I hope Pal's people have found him or her, and have merely forgotten or neglected to take down the signs. That there are so many of them speaks to the love Pal's family has for this little cat.

For some reason, Pal reminds me of a chapter in "The Lion, the Witch and the Wardrobe," the opening tale in C.S. Lewis's "Chronicles of Narnia."

The chapter is titled "The Spell Begins to Break." The White Witch's terrible winter is nearing an end, yet she still maintains her power to turn Narnia's creatures to stone with a flick of her wand.

As the Witch and her dwarf (with captive Edmund in tow) slowly realize that her grip on winter is ending, they sledge along ever more slowly through Narnia's melting snow.

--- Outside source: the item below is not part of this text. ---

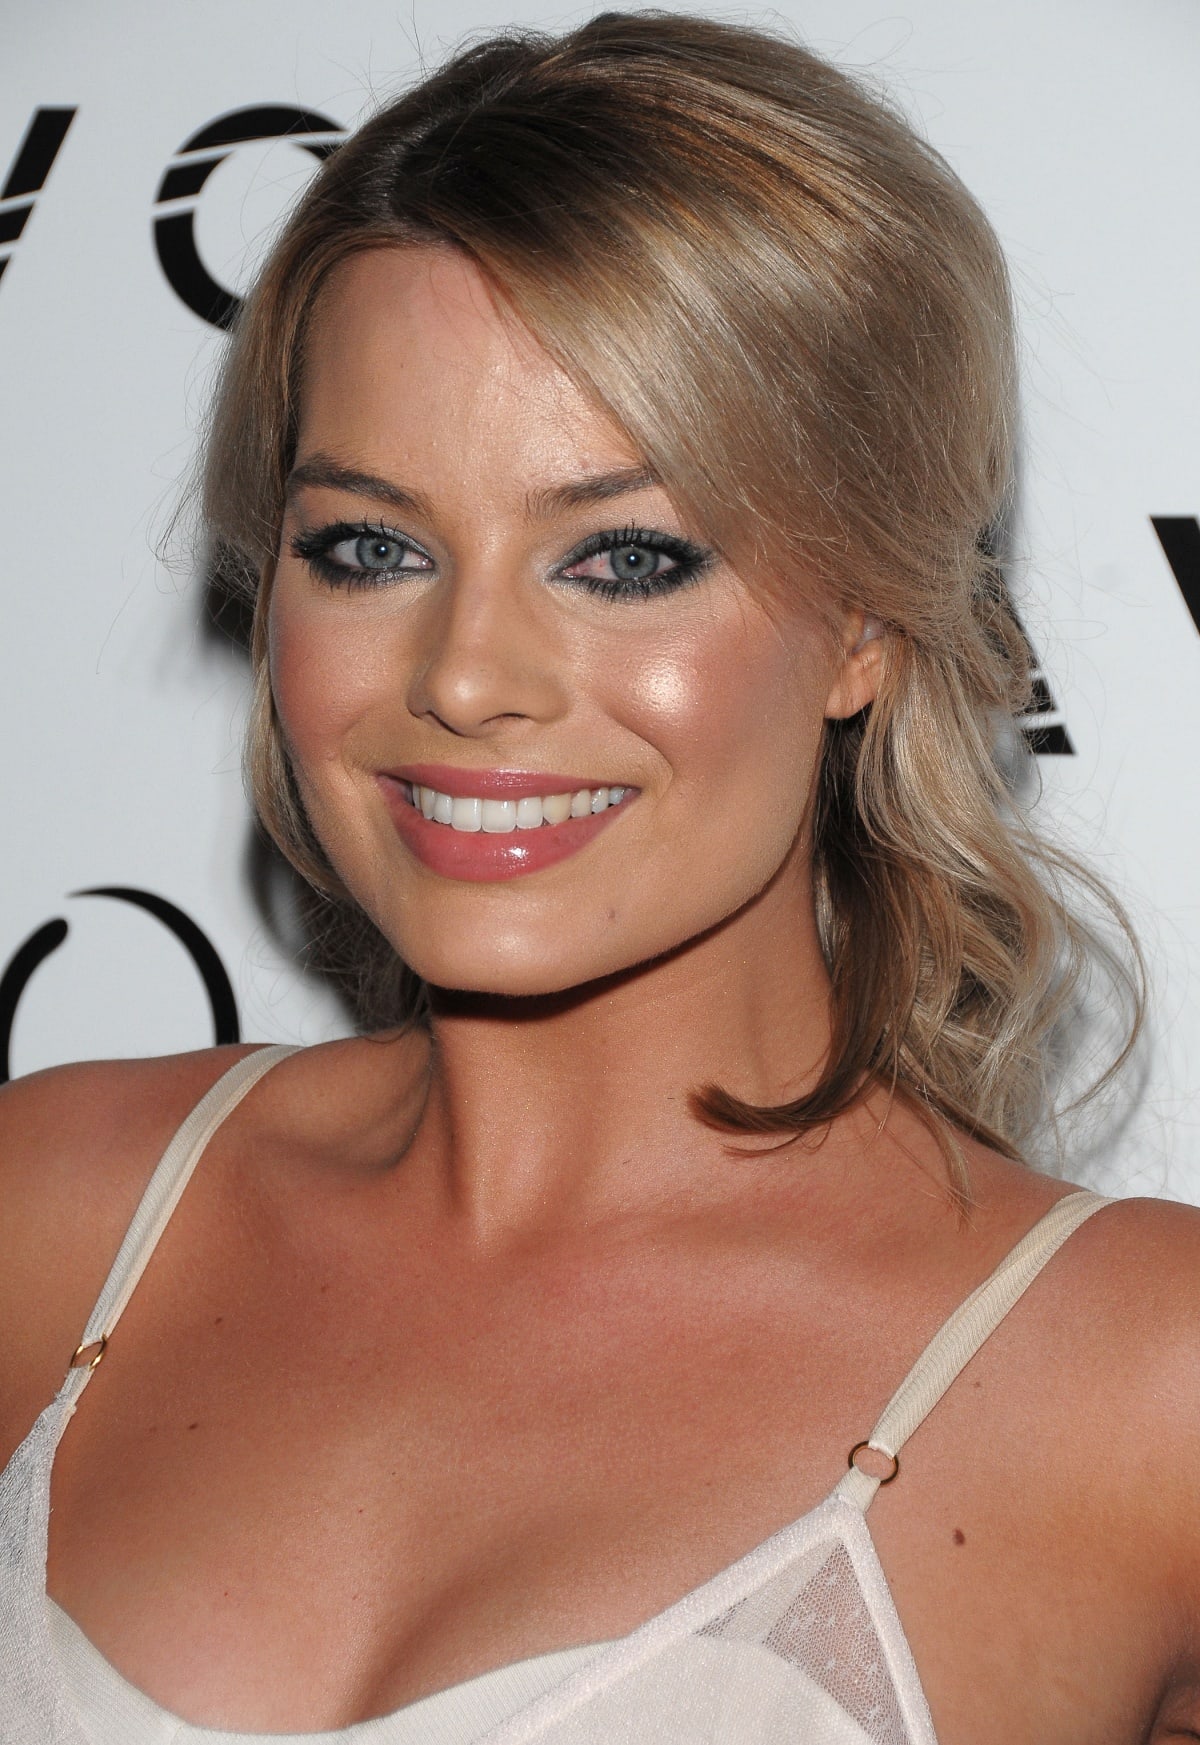 Multi-hyphenate star Margot Robbie also added producer to her job title

Father Christmas has already been by and the villains come upon a "a merry party" composed of squirrels, satyrs, a fox and a dwarf, all celebrating with meal of plum pudding and other delights.

It ends poorly for the little gathering. The Witch turns them to stone.

An increasingly remorseful Edmund thinks of of those small stone figures, "sitting there all the silent days and all the dark nights" until they just crumble away.
 
Right now, it seems the chances of Pal being found are crumbling, too.

Maybe the signs will come down. If not, they will continue to fade to illegibility, melancholy reminders of a beloved little cat, missing in all the silent days and all the dark nights.